Im having a directory that stores 1.373.800 files and takes up 28GB. So, a lot of fairly small files (exports, some files just are indications if a job ran sucessfully and are 0 byte).
Also, there is a directory with 951.797 files that takes up 79GB, these are mostly images.
If you look at the numbers you might say, hey, that first directory will take much more time to sync. Nope, you´re as wrong as one could be
It takes about 4 minutes, while syncing the folder with less files (but higher average file size) takes about two and a half hour.
Both syncs are using the very same VPS with the same rclone settings, which are: --transfers 64 -u sync
The destination is the same Bucket, different target directorys though.
While there is a huge difference in time it needs for the sync there is as well a high difference in Backblaze Class C Transactions (https://www.backblaze.com/b2/b2-transactions-price.html).

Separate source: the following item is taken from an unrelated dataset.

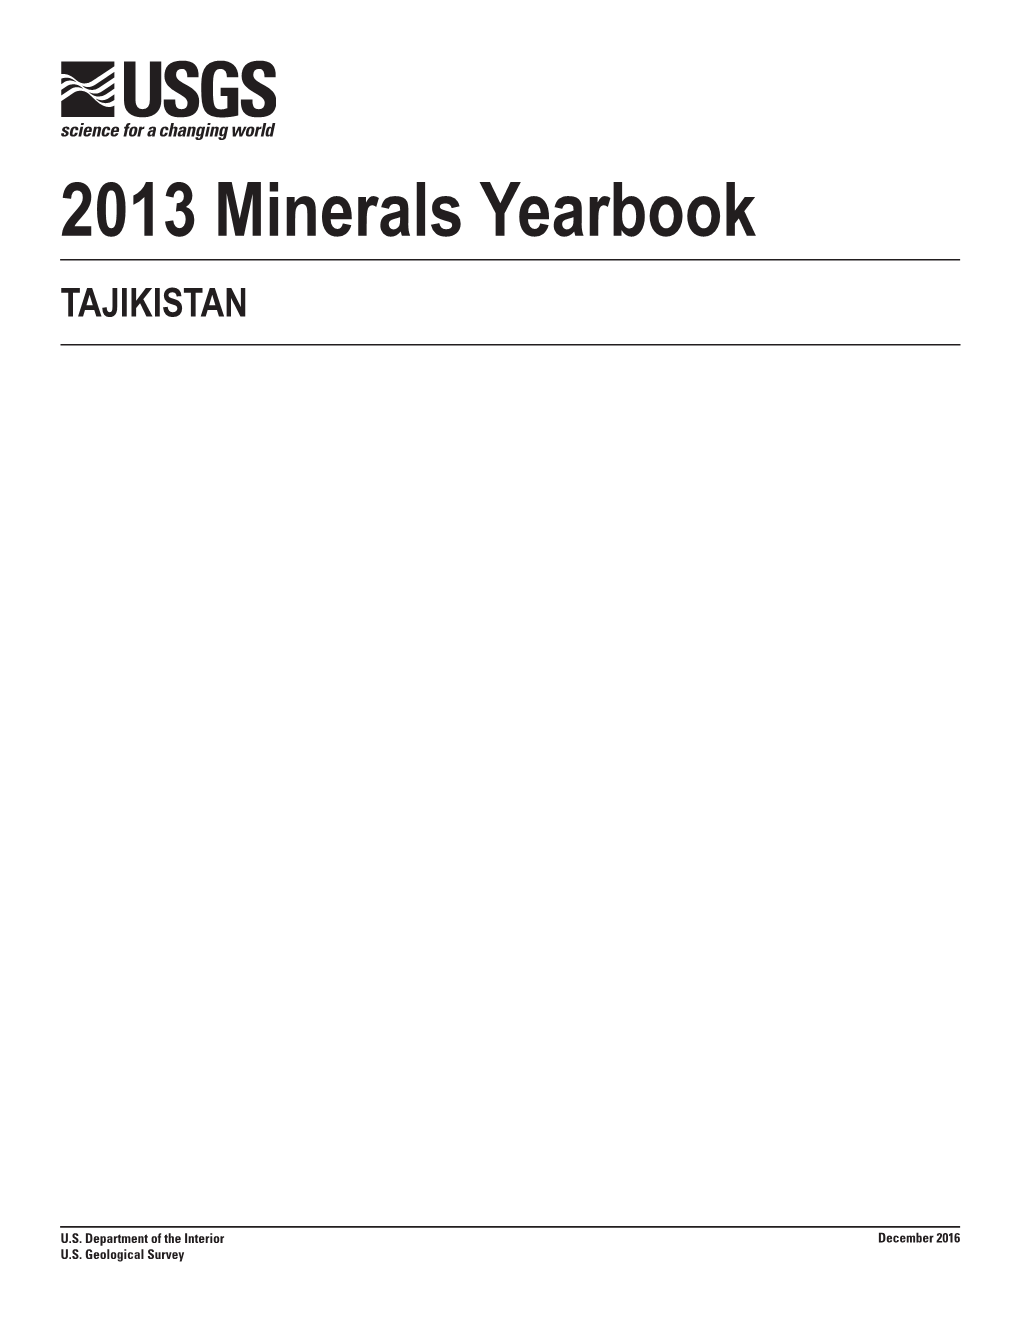 The Mineral Industry of Tajikistan in 2013
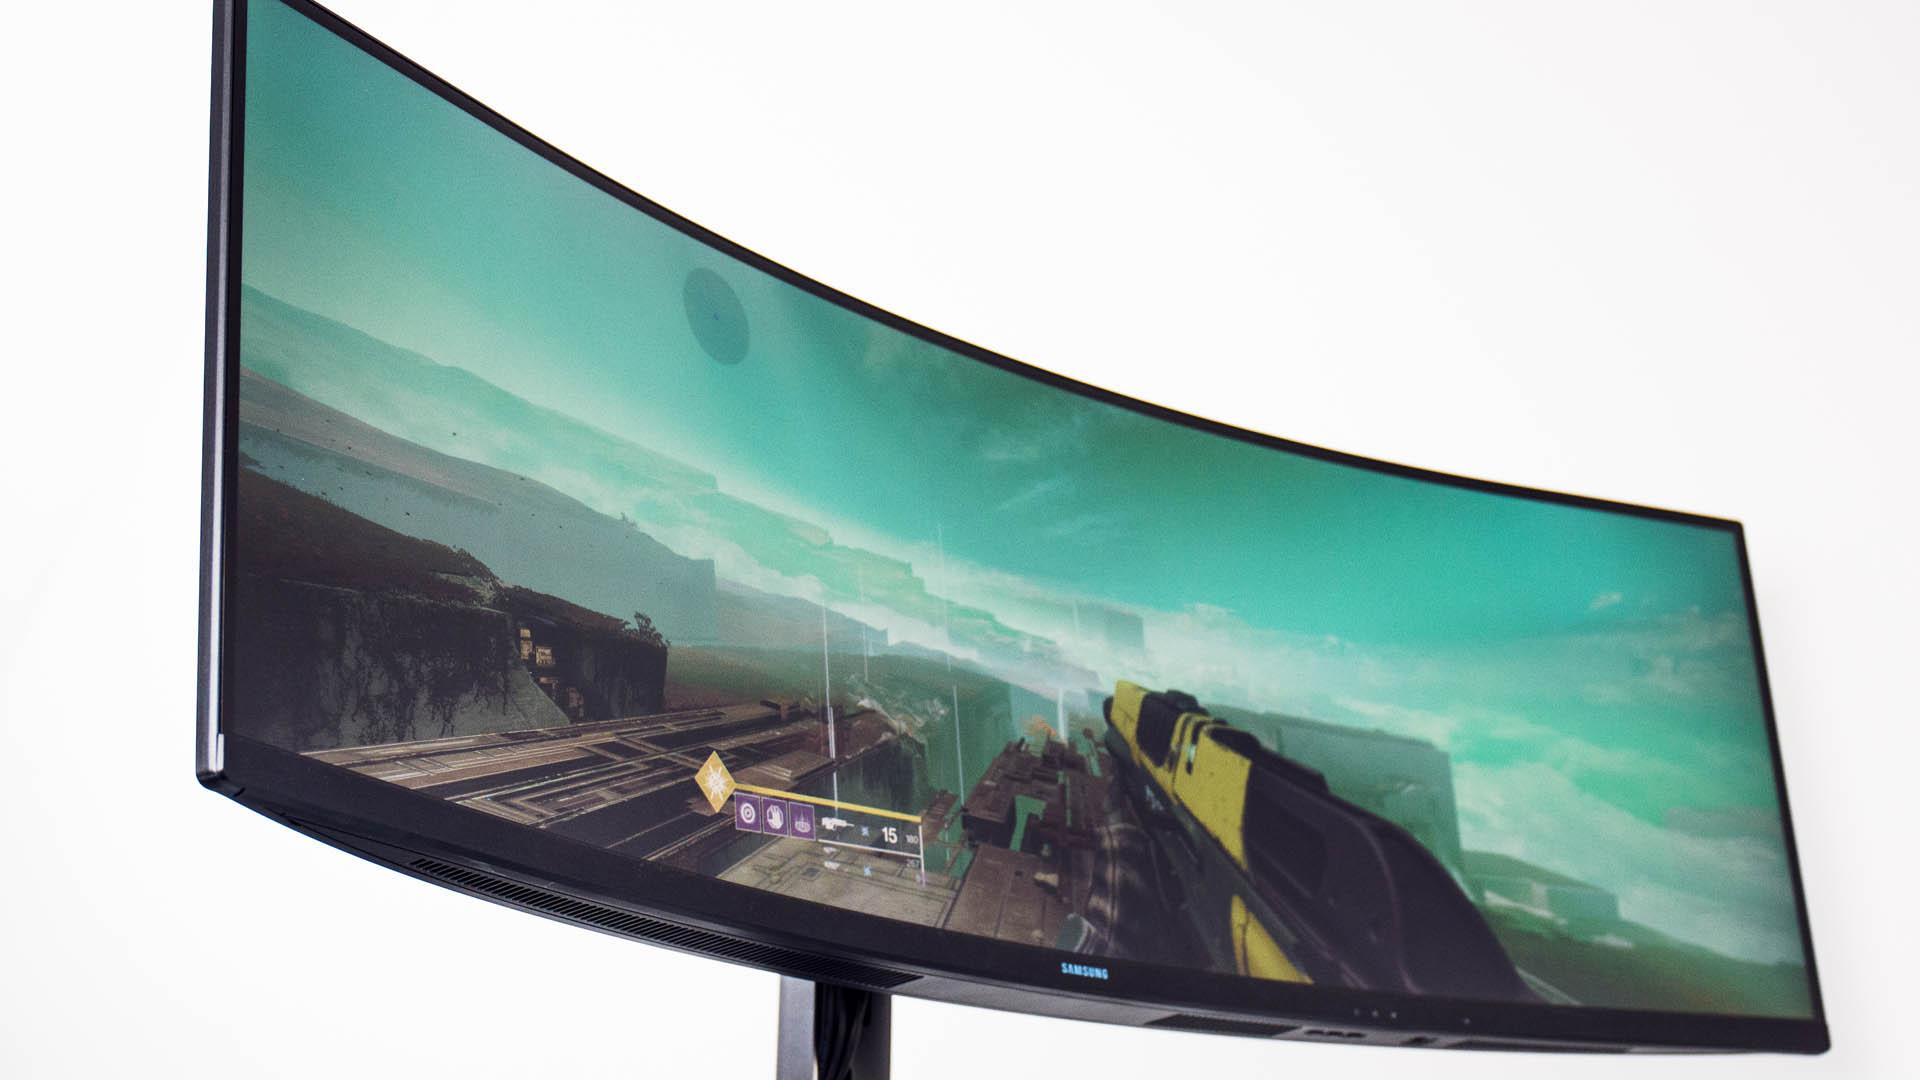 Samsung C49RG90 review: more than an ultrawide gaming monitor

Syncing the directory with less files need 346.200 transactions where the one with more files just needed around 1.500.
Here is a screenshot of the current report data for B2 transactions: https://imgur.com/a/xZMI4m8
(currently syncing the directorys again for testing purposes, so numbers are already higher than mentioned above)
Any idea why there is such a huge discrepancy in these two syncs? Also, let me know if you need more informations.
Edit:
While digging a little further (and verifying the numbers above) i think i discovered the core problem for this. While the one folder has 1,3 million files, it only has 53 folders. The 950k files are split up into 365k folders.
Is there a way to significantly increase the lookup speed? Im currently trying --tpslimit 16 --tpslimit-burst 32 which got me from 4 minutes to 3m 20s for the 53 sub folder one, which is nice. Will need some more time for the other folder to see the improvement
On the other hand, using --fast-list seems to be limited by the other sides performance, doubled the runtime at 6m 45s .